Si, au Québec, il y a actuellement une réflexion sur le sens à donner à la fête nationale du Québec, il n'y aura pas beaucoup de débat sur le sens à donner à la fête du Canada, pour la simple raison que cette fête n'existe pratiquement pas au Québec.

Les anglophones du Québec peuvent fêter le 1er juillet, certains allophones aussi, mais pour la très grande majorité des francophones, le 1er juillet est un jour de congé qui, parfois, comme cette année, permet d'allonger le week-end.

Il y a deux raisons à cela. D'abord, une partie de la population québécoise est souverainiste et ne veut pas fêter le pays qu'elle veut quitter. Et même si l'appui au projet souverainiste est en baisse, la culture qu'il a engendrée reste profondément enracinée.

Ensuite, les Québécois ont progressivement affirmé au fil des décennies un sentiment d'appartenance à une nation. L'existence de la nation québécoise est maintenant reconnue par une très grande majorité de Québécois, elle transcende les clivages politiques et ce principe s'est même imposé à la Chambre des communes.

Pour la très grande majorité des Québécois, leur nation, c'est le Québec. Et c'est à la nation que l'on réserve les célébrations d'une fête nationale, les hymnes, les élans festifs, les drapeaux, le patriotisme, la fierté ou le chauvinisme olympique.

Cela n'empêche pas une grande majorité de Québécois et une majorité de francophones de vouloir rester au sein du Canada, de voir les bienfaits de l'appartenance à la fédération canadienne.
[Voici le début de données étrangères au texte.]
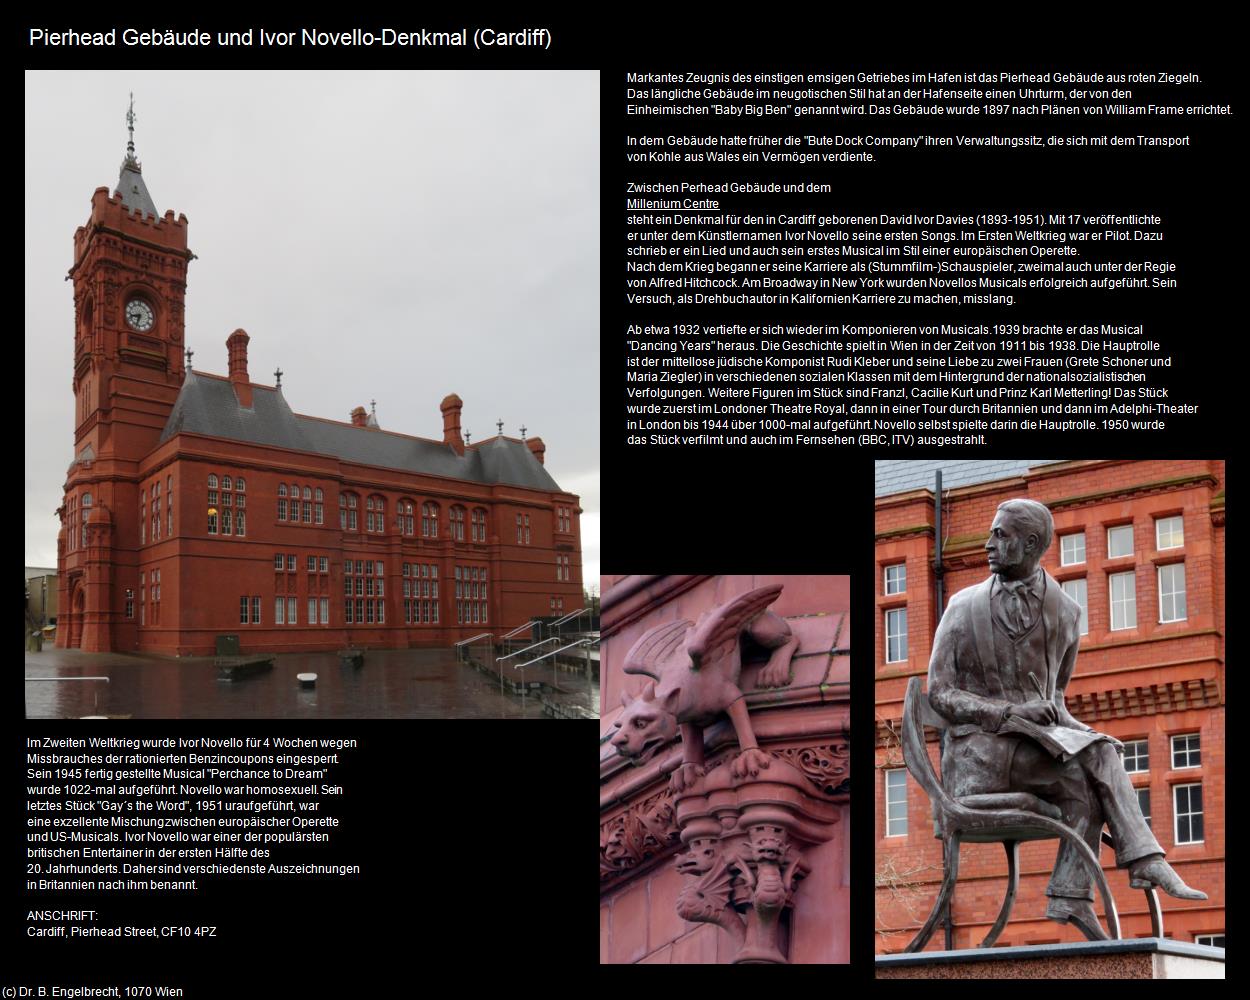 Pierhead Gebäude und Ivor Novello-Denkmal  (Cardiff, Wales) in Kulturatlas-ENGLAND und WALES(c)B.Engelbrecht

D'autant plus que les rapports avec le Canada sont colorés par la nature difficile des rapports entre la minorité francophone et la majorité anglo-canadienne. Tout cela ne mène pas à des élans de même nature que ceux qu'ils réservent pour le Québec.

Les rapports des Québécois avec le Canada sont rendus encore plus compliqués par la géométrie variable que peut prendre leur double identité, Canadiens d'abord, Canadiens et Québécois, Québécois d'abord, seulement Canadiens ou seulement Québécois. Mais il est clair que la franche fierté d'être canadien, comme l'incarne par exemple l'ex-premier ministre Jean Chrétien, est devenue rare et qu'un nombre croissant de Québécois se sentent d'abord québécois.

Certains souverainistes voient en cela un terreau fertile pour le projet souverainiste. L'ex-ministre Jean-François Lisée, par exemple, il y a à peine deux ans, avait développé une thèse hallucinante - ou hallucinée - sur le «courant jet de la souveraineté», voulant que le sentiment d'appartenance au Québec des jeunes serait un terreau fertile pour l'indépendance. C'est un fantasme, comme les événements récents l'ont montré. Comme celui d'un gay qui croirait que tous les hommes qui porte des vêtements roses sont des homosexuels qui s'ignorent.

Ce sentiment d'être d'abord québécois a toutefois des conséquences. Parallèlement à la descente aux enfers du mouvement souverainiste, on assiste à un autre processus, celui de l'éloignement du Canada, d'un détachement croissant de la réalité canadienne qui se double d'une forme d'indifférence constitutionnelle. Ce désintérêt, qui se manifeste par exemple dans la façon désinvolte dont les Québécois votent aux élections fédérales, a d'importantes conséquences: ils participent moins aux débats canadiens qui les concernent, ils ont moins d'influence politique.

Cet éloignement les amène également à oublier que s'il y a deux nations au Canada, ces deux nations se sont développées ensemble et qu'elles partagent un grand nombre de valeurs et de résultats, comme la qualité de vie. Le modèle québécois est, à de très nombreux égards, un modèle très proche du modèle canadien. Mais même si les Québécois s'impliquaient davantage dans les processus de décision canadiens, même s'ils étaient davantage conscients de l'existence d'un important bagage commun, cela ne les amènerait pas à agiter des drapeaux rouges le 1er juillet.